▸ WORK REQUIRED:
Wherever the string "Sweater" turns up in the data, copy the whole line.

Data excerpts
□ □ □ □ □

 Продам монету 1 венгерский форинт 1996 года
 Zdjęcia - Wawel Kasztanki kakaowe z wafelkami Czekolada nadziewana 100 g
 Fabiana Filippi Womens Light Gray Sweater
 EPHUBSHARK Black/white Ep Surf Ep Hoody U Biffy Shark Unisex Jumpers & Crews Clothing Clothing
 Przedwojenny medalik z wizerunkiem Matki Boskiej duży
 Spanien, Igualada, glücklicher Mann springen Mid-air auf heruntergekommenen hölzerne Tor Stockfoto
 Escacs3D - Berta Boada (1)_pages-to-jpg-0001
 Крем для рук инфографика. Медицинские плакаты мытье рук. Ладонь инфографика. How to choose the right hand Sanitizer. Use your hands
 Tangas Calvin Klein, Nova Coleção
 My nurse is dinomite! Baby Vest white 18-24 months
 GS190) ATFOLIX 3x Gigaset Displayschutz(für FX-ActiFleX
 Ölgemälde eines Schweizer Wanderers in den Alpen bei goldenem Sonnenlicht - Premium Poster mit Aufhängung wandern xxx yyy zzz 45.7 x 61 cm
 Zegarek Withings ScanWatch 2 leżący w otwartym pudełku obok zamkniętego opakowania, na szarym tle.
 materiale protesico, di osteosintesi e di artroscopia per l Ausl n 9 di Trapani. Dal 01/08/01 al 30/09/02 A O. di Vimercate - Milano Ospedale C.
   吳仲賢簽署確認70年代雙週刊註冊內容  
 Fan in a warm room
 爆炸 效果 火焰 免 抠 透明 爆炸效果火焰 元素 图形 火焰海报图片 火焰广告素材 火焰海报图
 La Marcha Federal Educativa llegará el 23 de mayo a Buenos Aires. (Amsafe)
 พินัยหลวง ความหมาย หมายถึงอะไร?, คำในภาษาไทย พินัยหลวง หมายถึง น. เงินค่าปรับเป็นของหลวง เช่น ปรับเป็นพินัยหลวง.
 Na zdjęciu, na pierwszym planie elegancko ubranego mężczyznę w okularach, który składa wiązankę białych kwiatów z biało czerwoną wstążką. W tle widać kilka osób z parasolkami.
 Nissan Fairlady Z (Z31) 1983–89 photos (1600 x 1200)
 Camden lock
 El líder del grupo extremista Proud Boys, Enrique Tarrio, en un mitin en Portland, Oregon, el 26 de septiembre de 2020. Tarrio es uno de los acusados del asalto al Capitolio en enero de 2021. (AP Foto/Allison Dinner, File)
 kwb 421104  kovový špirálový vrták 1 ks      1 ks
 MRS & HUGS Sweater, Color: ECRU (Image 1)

□ □ □ □ □

▸ YOUR RESPONSE:
 Fabiana Filippi Womens Light Gray Sweater
 MRS & HUGS Sweater, Color: ECRU (Image 1)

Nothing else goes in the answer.